* **How to complete this task**: Will you write out, word for word, every line from the one with "Ivory and Bronze" to the final line of the data below, with the pictures left out?

* **Supplied material**:
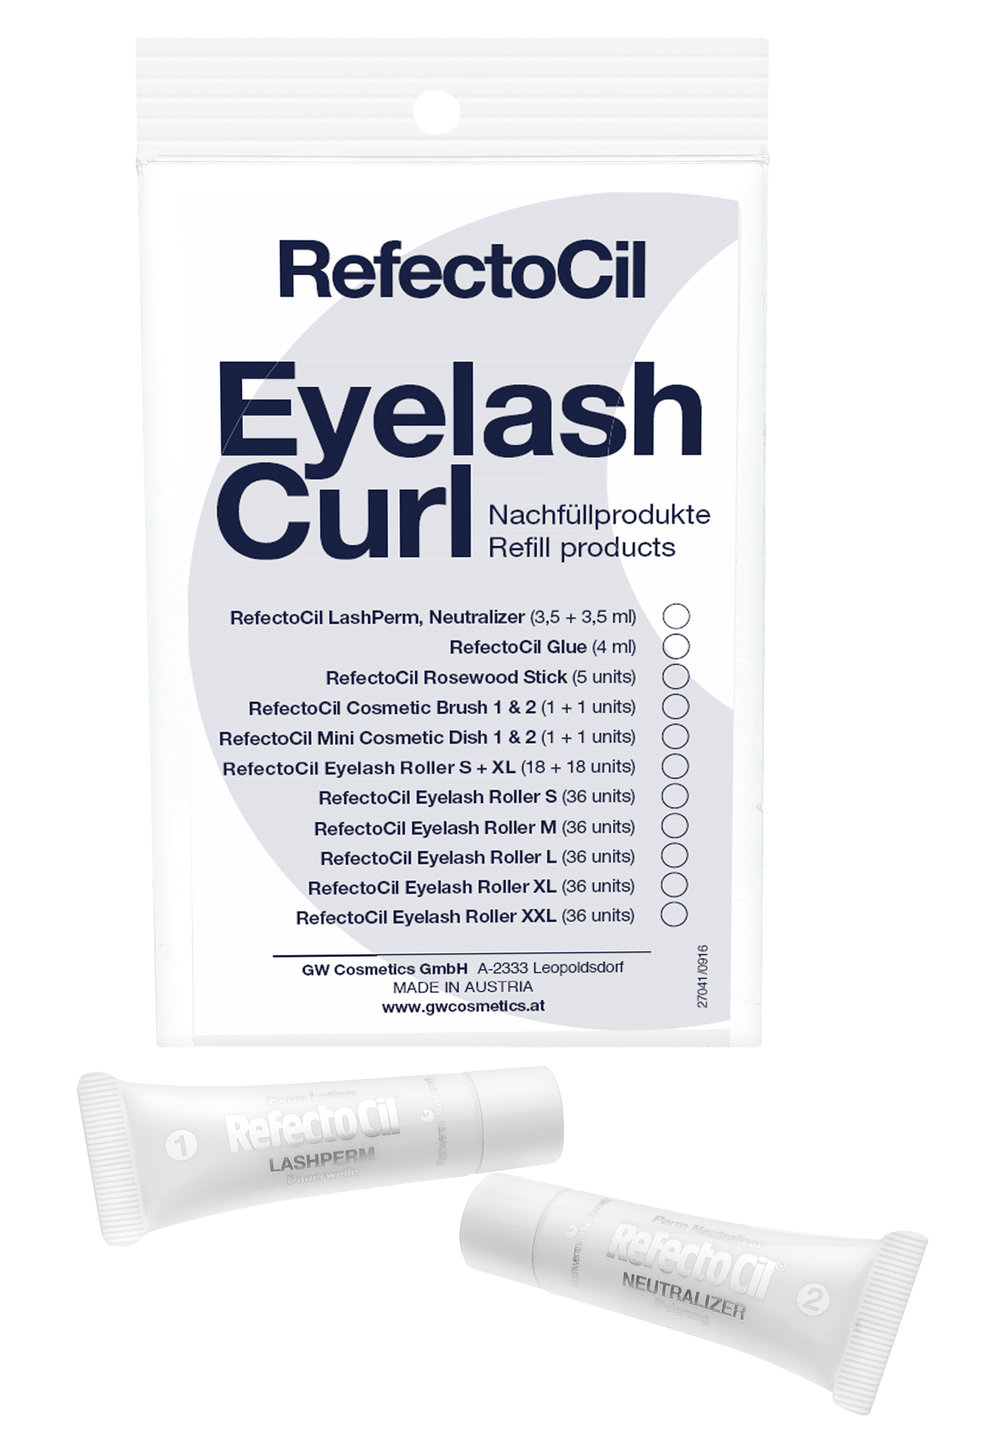 Eyelash Lash & Curl Refill - Perm/Neutralizer
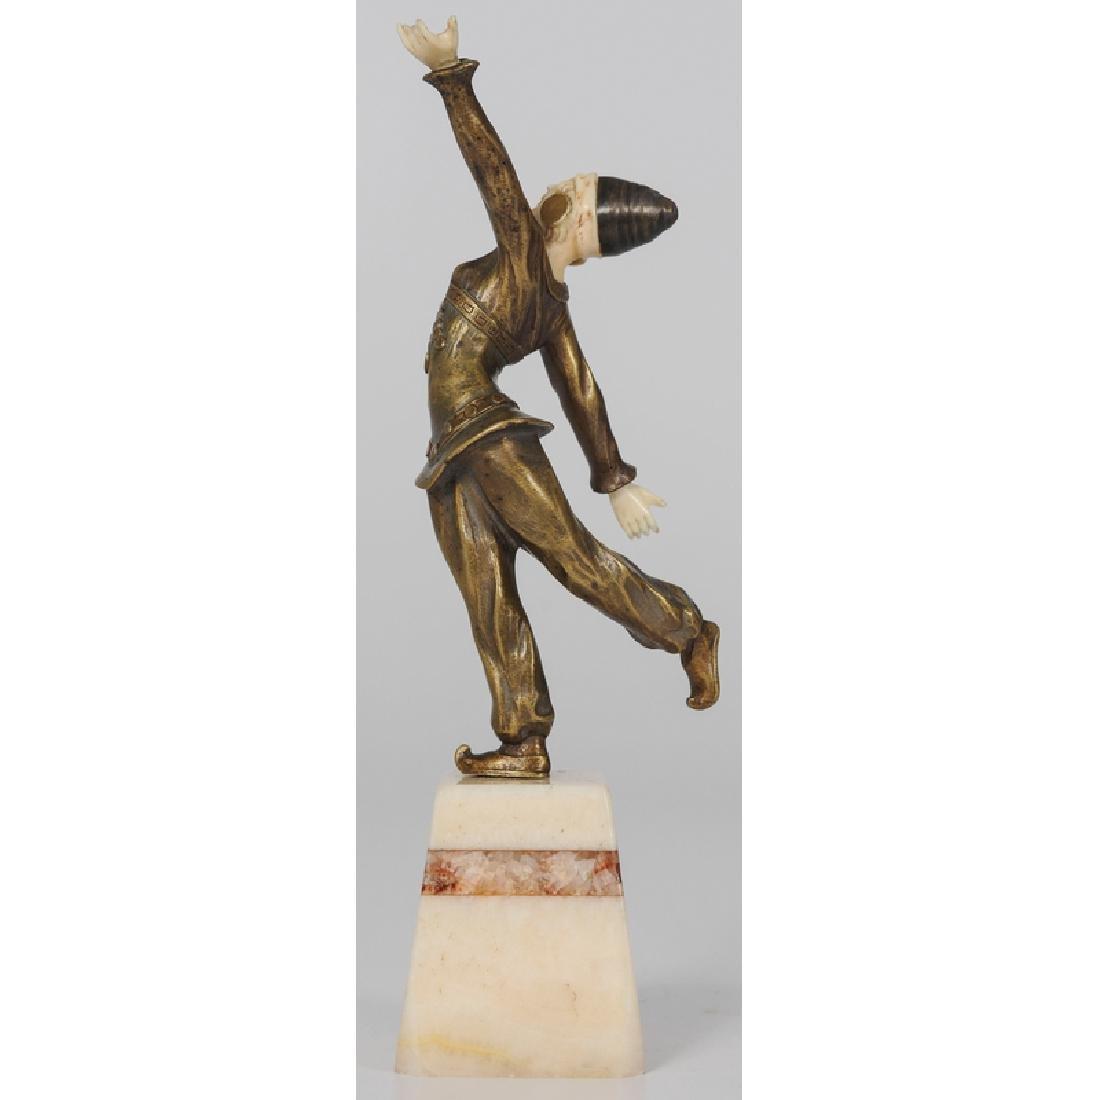 Ivory and Bronze Sculpture Signed Solange Bertrand - 2
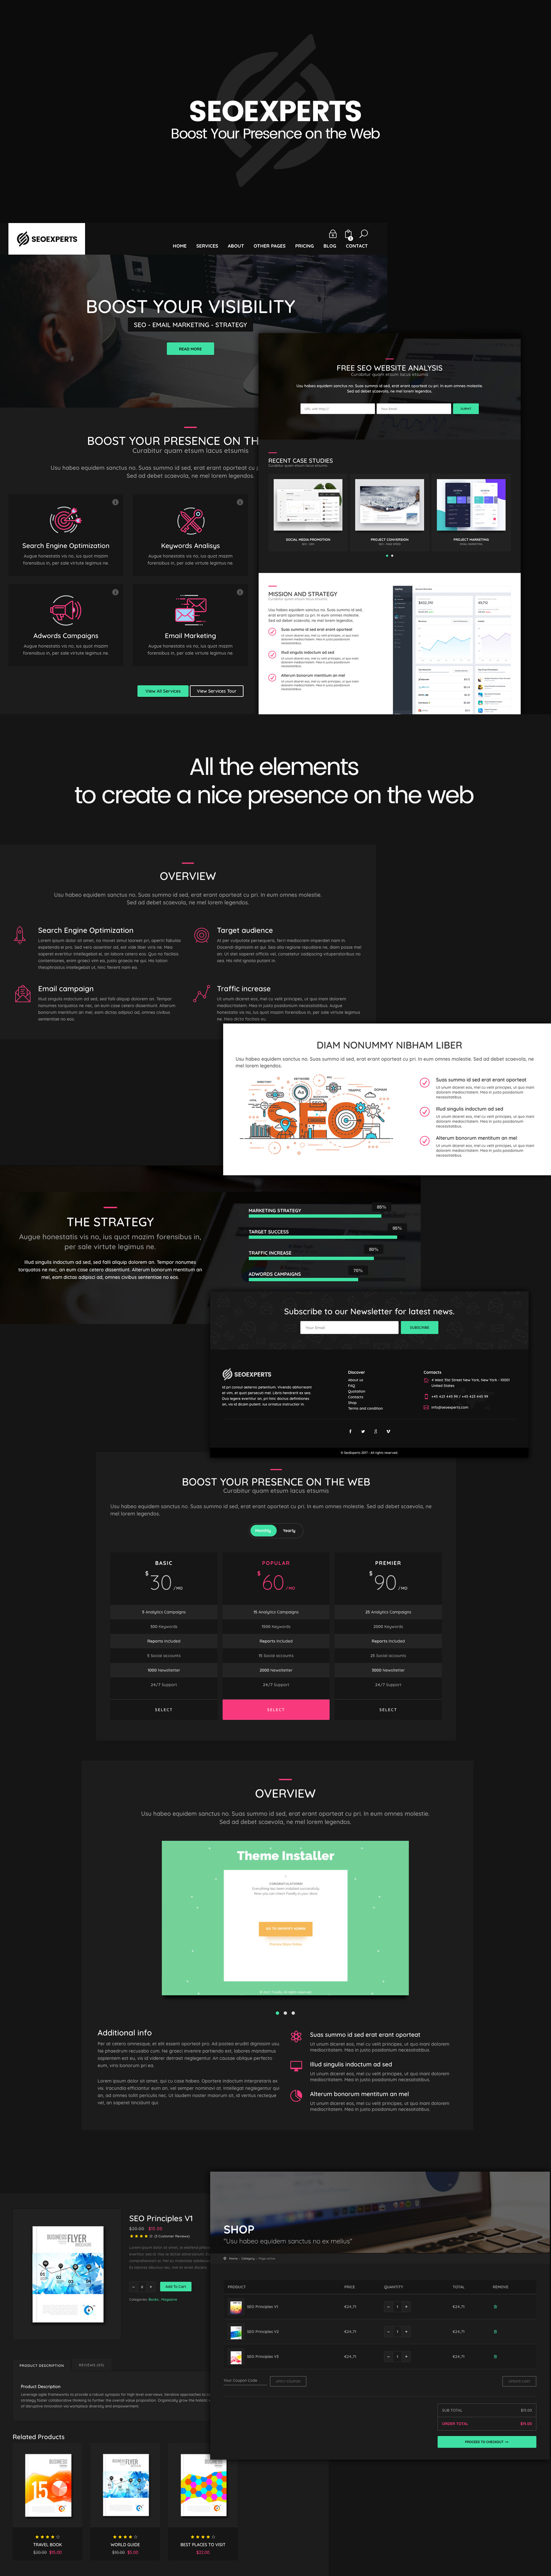 digital marketing Email marketing   google agency online marketing search engine optimization SEM SEO

* **Final answer**:
 Ivory and Bronze Sculpture Signed Solange Bertrand - 2
 digital marketing Email marketing   google agency online marketing search engine optimization SEM SEO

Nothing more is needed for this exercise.